YouTube content creator credentials are under siege by YTStealer malware

In on-line crime boards, specialization is every part. Enter YTStealer, a brand new piece of malware that steals authentication credentials belonging to YouTube content material creators.

“What units YTStealer other than different stealers bought on the Darkish Net market is that it’s solely targeted on harvesting credentials for one single service as a substitute of grabbing every part it may well get ahold of,” Joakim Kennedy, a researcher at safety agency Intezer wrote in a blog post on Wednesday. “Relating to the precise course of, it is vitally much like that seen in different stealers. The cookies are extracted from the browser’s database recordsdata within the person’s profile folder.”

As quickly because the malware obtains a YouTube authentication cookie it opens a headless browser and connects to YouTube’s Studio web page, which content material creators use to handle the movies they produce. YTStealer then extracts all accessible details about the person account, together with the account identify, variety of subscribers, age, and whether or not channels are monetized.

The malware then encrypts every knowledge pattern with a singular key and sends each to a command and management server.

The construction of the YTStealer code and the distinctive identifier used for every pattern leads Intezer to suspect that YTStealer is being bought as a service to different risk actors. Firm researchers additional seen that recordsdata used to put in the malware on sufferer computer systems loaded different credential stealers, together with ones known as RedLine and Vidar.

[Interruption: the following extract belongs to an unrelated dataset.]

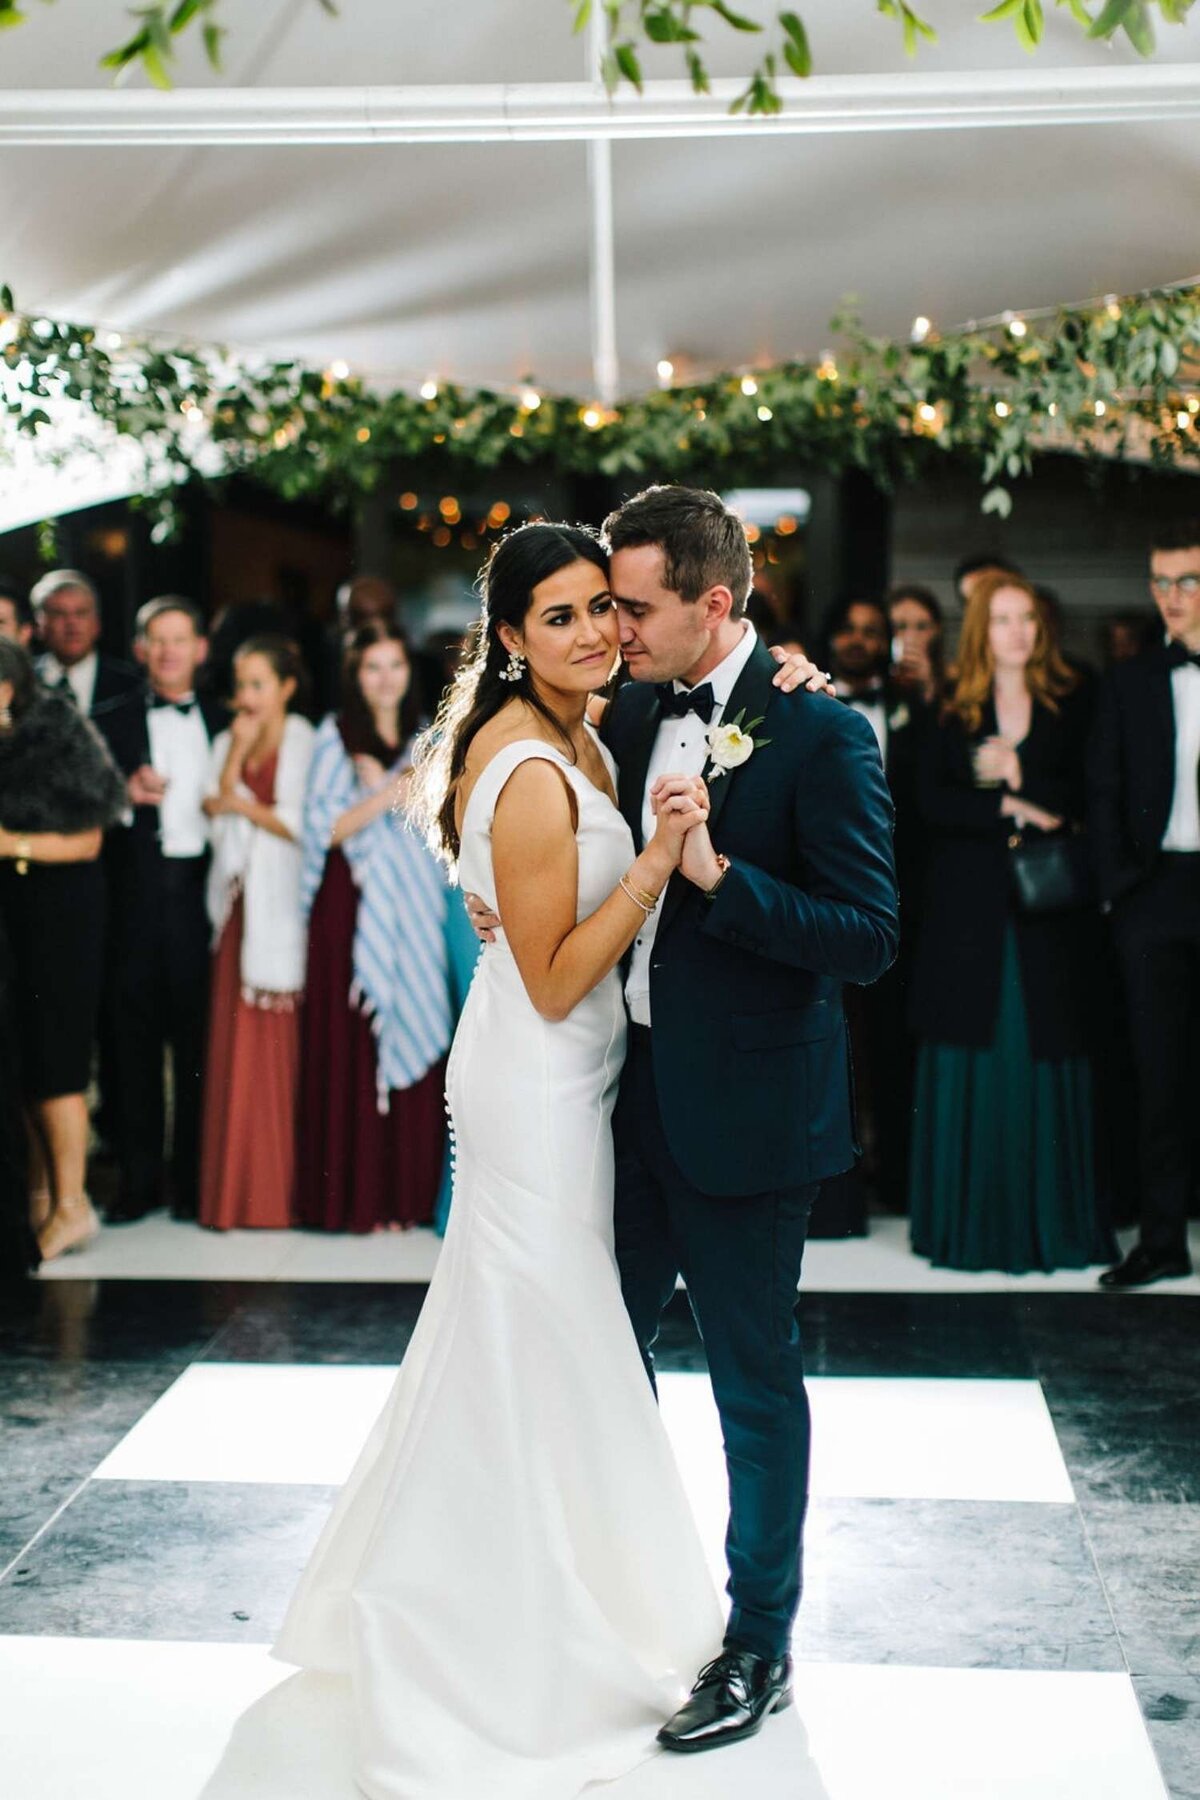 Classic and Elegant Black and White Wedding First Dance under the Tent at a Luxury Michigan Lakefront Golf Club Wedding.

Lots of the recordsdata are disguised as installers for professional instruments or software program. They included faux installers for:

• OBS Studio, a chunk of an open supply streaming software program
• Video modifying software program, together with Adobe Premiere Professional, Filmora, and HitFilm Specific
• Audio purposes and plugins equivalent to Antares Auto-Tune Professional, Valhalla DSP, FabFilter Complete, and Xfer Serum
• Sport modes and cheats for video games equivalent to Grand Theft Auto V, Roblox, Counter-Strike, and Name of Responsibility
• Driver instruments equivalent to “Driver Booster” and “Driver Simple,” which invoice themselves as a way for bettering gaming laptop efficiency
• “Cracks” for professional software program or companies together with Norton Safety, Malwarebytes, Discord Nitro, Stepn, and Spotify Premium

Hardcoded into the YTStealer is the area youbot[.]options. It’s not instantly clear if the area is related to Youbot Options LLC, which is registered within the New Mexico registry of firms. Makes an attempt to achieve the corporate for remark weren’t profitable.